Could we also get a yaml dump of the daemon sets that were created?
The controller-manager log is attached in file atomic-openshift-master.log daemonset.yaml: http://pastebin.test.redhat.com/501739 (note: the daemonset I provided the link is working well as I restart the master)
Created attachment 1296100 [details] ds&node info Reproduce again. Attach some info about ds and node
We debugged a customer issue similar to this one yesterday. Can we establish: 1. Are pods being created at all for the daemon set? If so, can we get yamls and describe output for them? 2. Is there a node selector associated with the namespace? Can we get a yaml for the namespace? In the issue we debugged today, the default node selectors for the project and later the cluster were resulting in pods being created, but not being scheduled on certain nodes due to conflicts between the pod's node selector and the nodes labels that were introduced by the project node selector.
When happen again, I'll check what you said. To be honest, it's really hard to reproduce it.

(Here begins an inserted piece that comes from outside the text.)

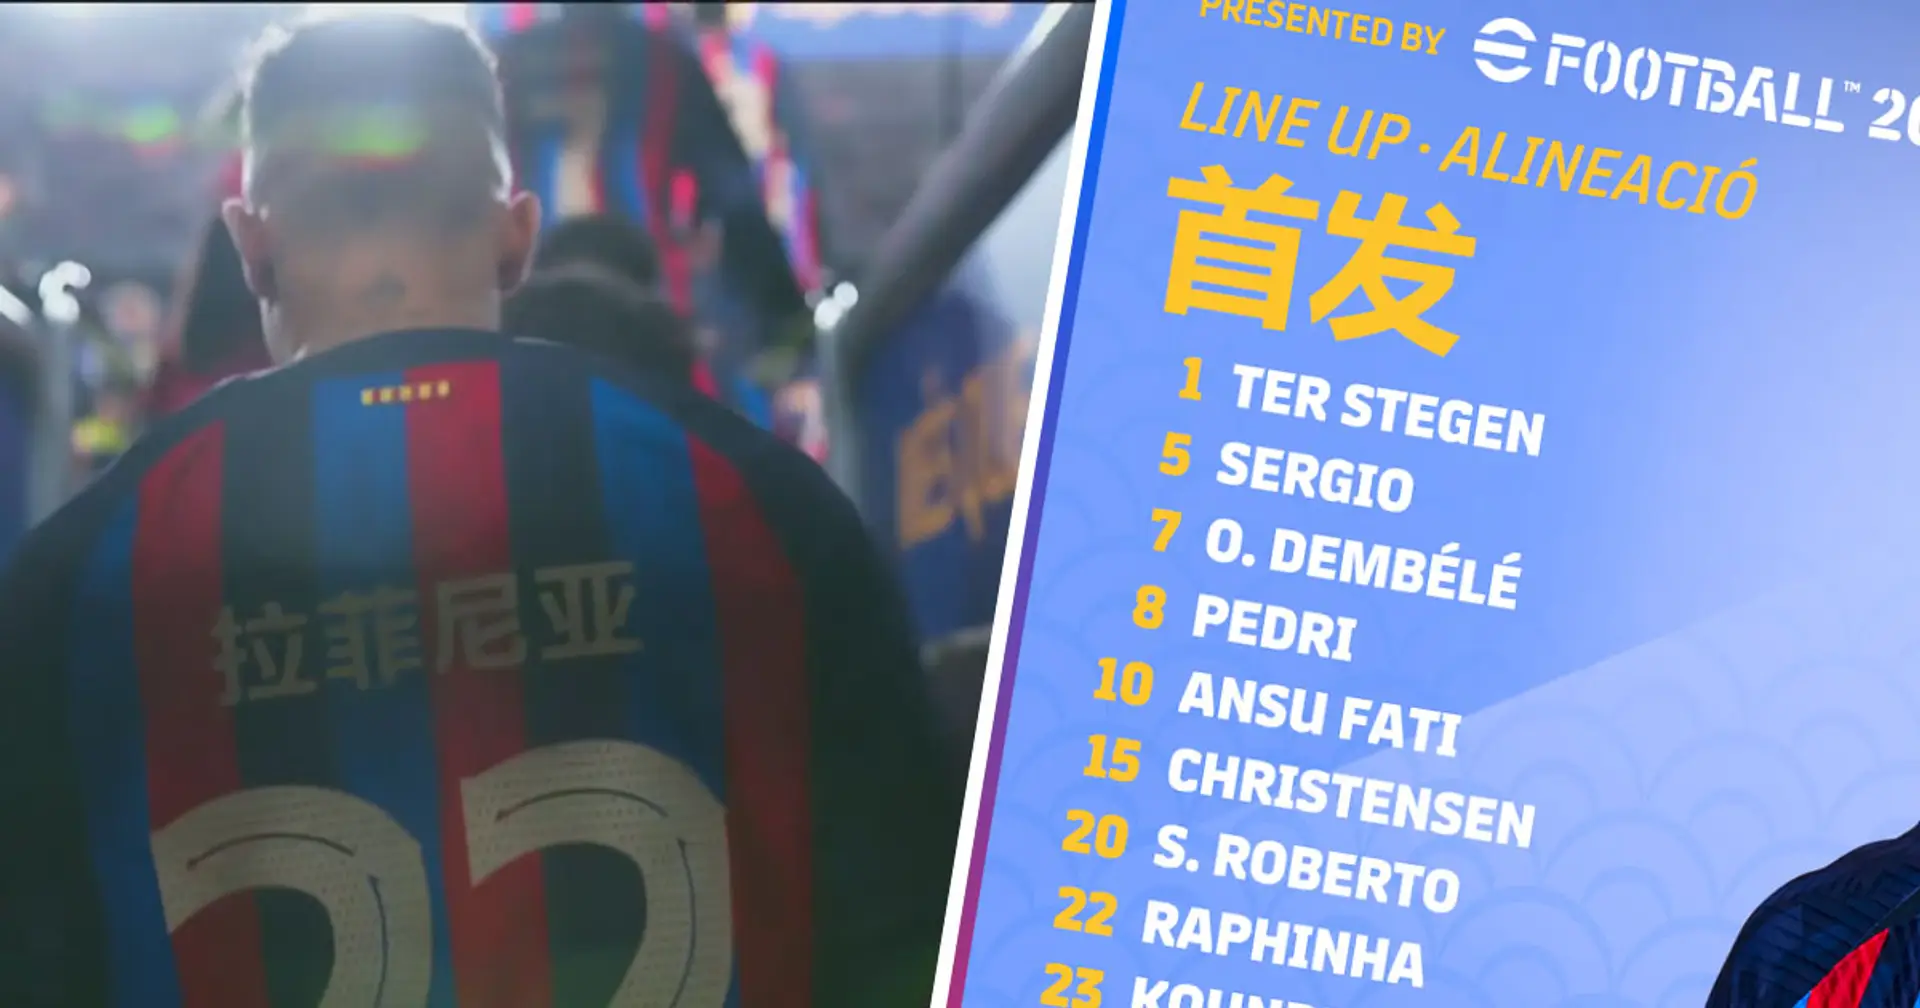 Pourquoi les joueurs du Barça avaient leurs noms écrits en chinois avant le match contre Getafe - Explication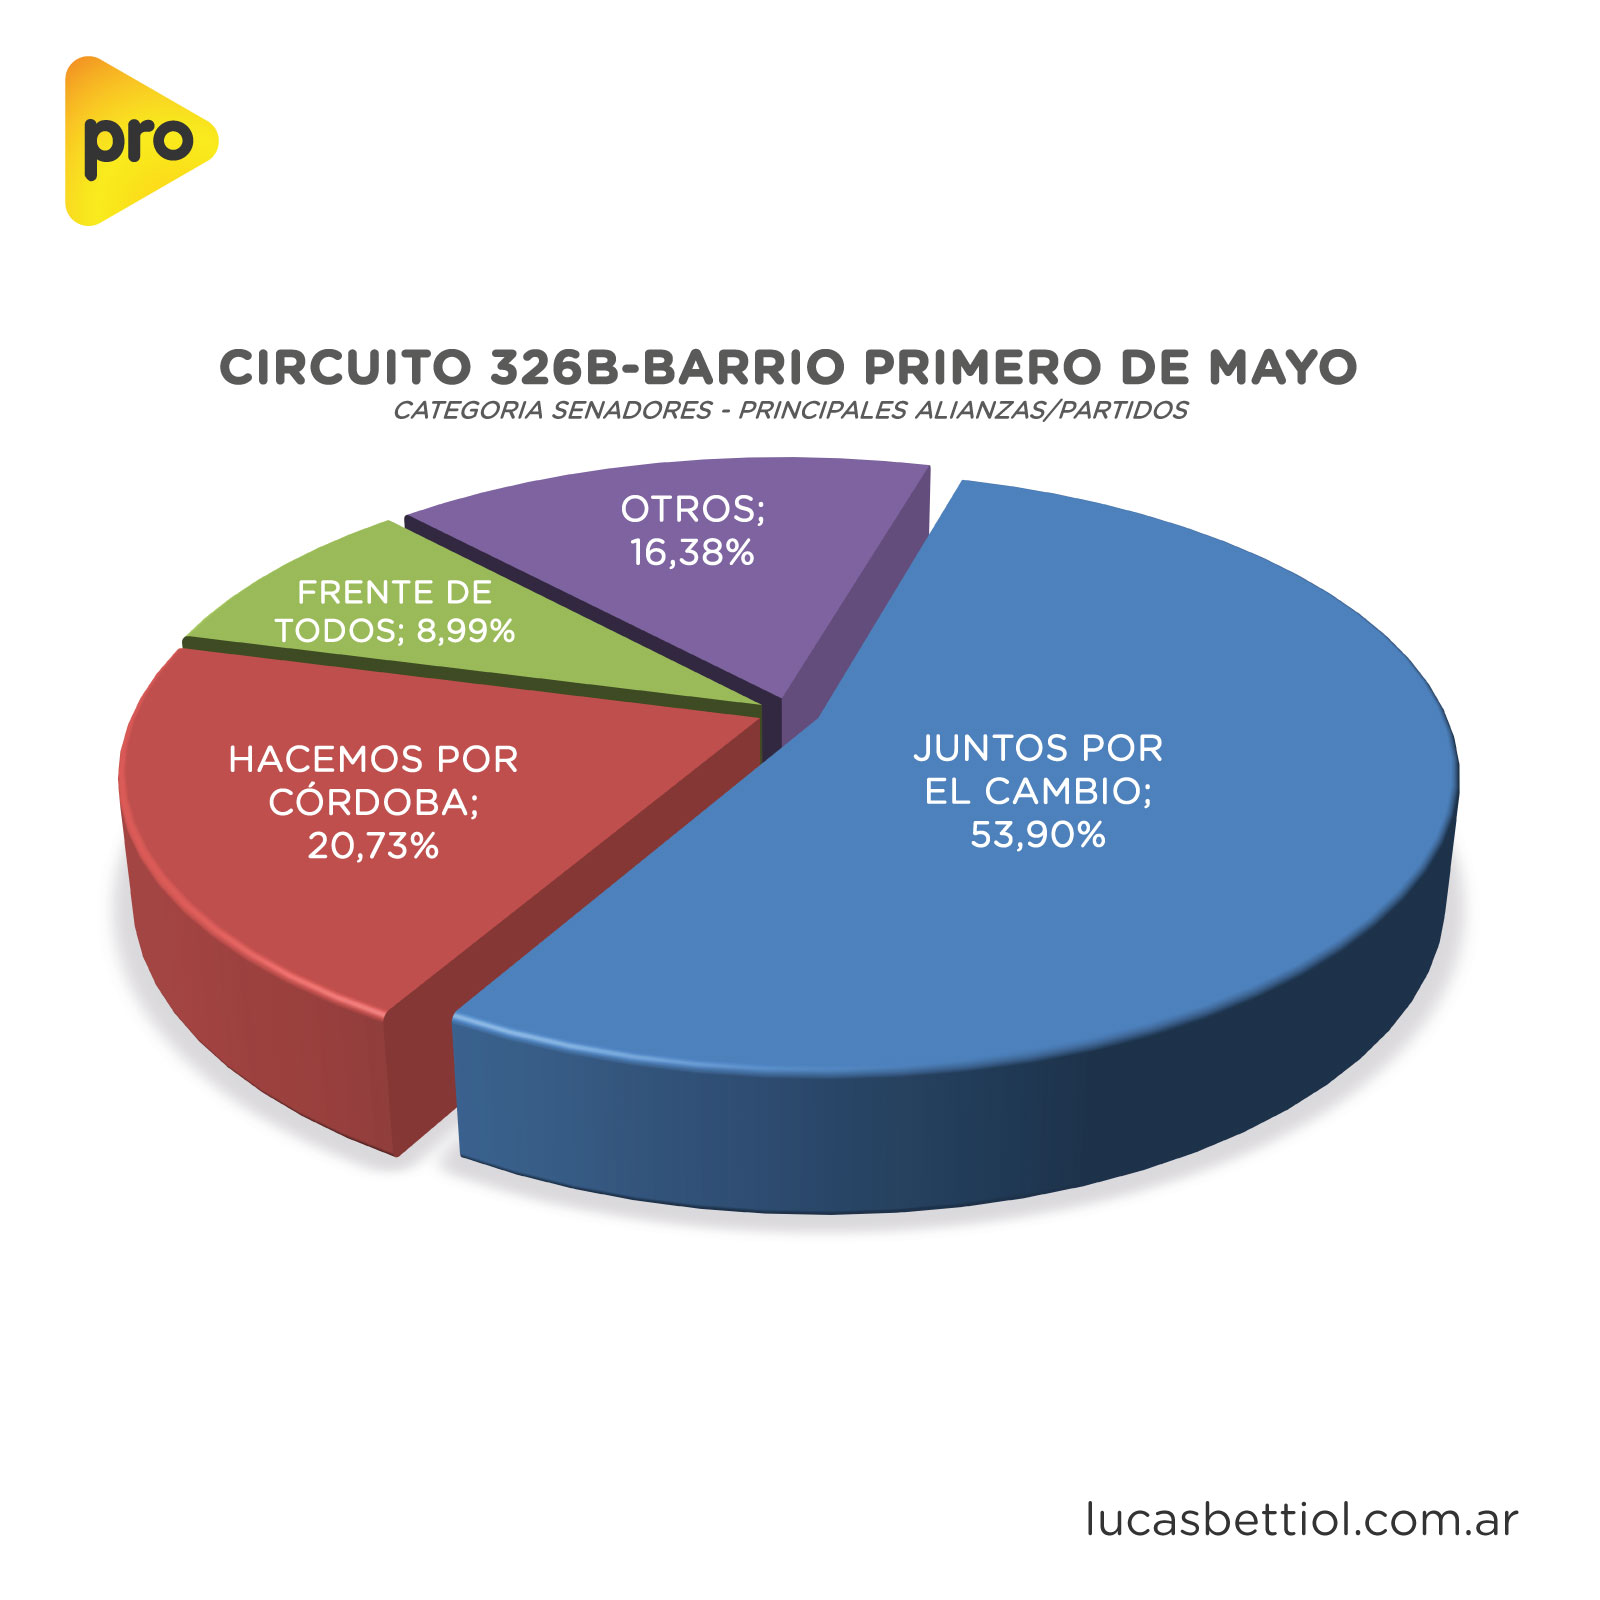 Elecciones PASO 2021 - Categoría Senadores - Gráfica de porcentuales que obtuvieron en el circuito 326B-Barrio Primero de Mayo las principales alianzas

This daemonset doesn't create by my manual. it create by openshift-ansible when enable service-catalog. This ds is service-catalog apiserver and controller-manager in kube-service-catalog project.
I spoke to Eric and he is not currently using a node selector on the namespace the installer creates for the catalog components. He is going to add one in this PR: https://github.com/openshift/openshift-ansible/pull/4781 That should address this issue - I don't think that we have a cause to believe that something else is happening. I am going to reassign this bug to Eric and he can move it to ON_QA once that PR is merged.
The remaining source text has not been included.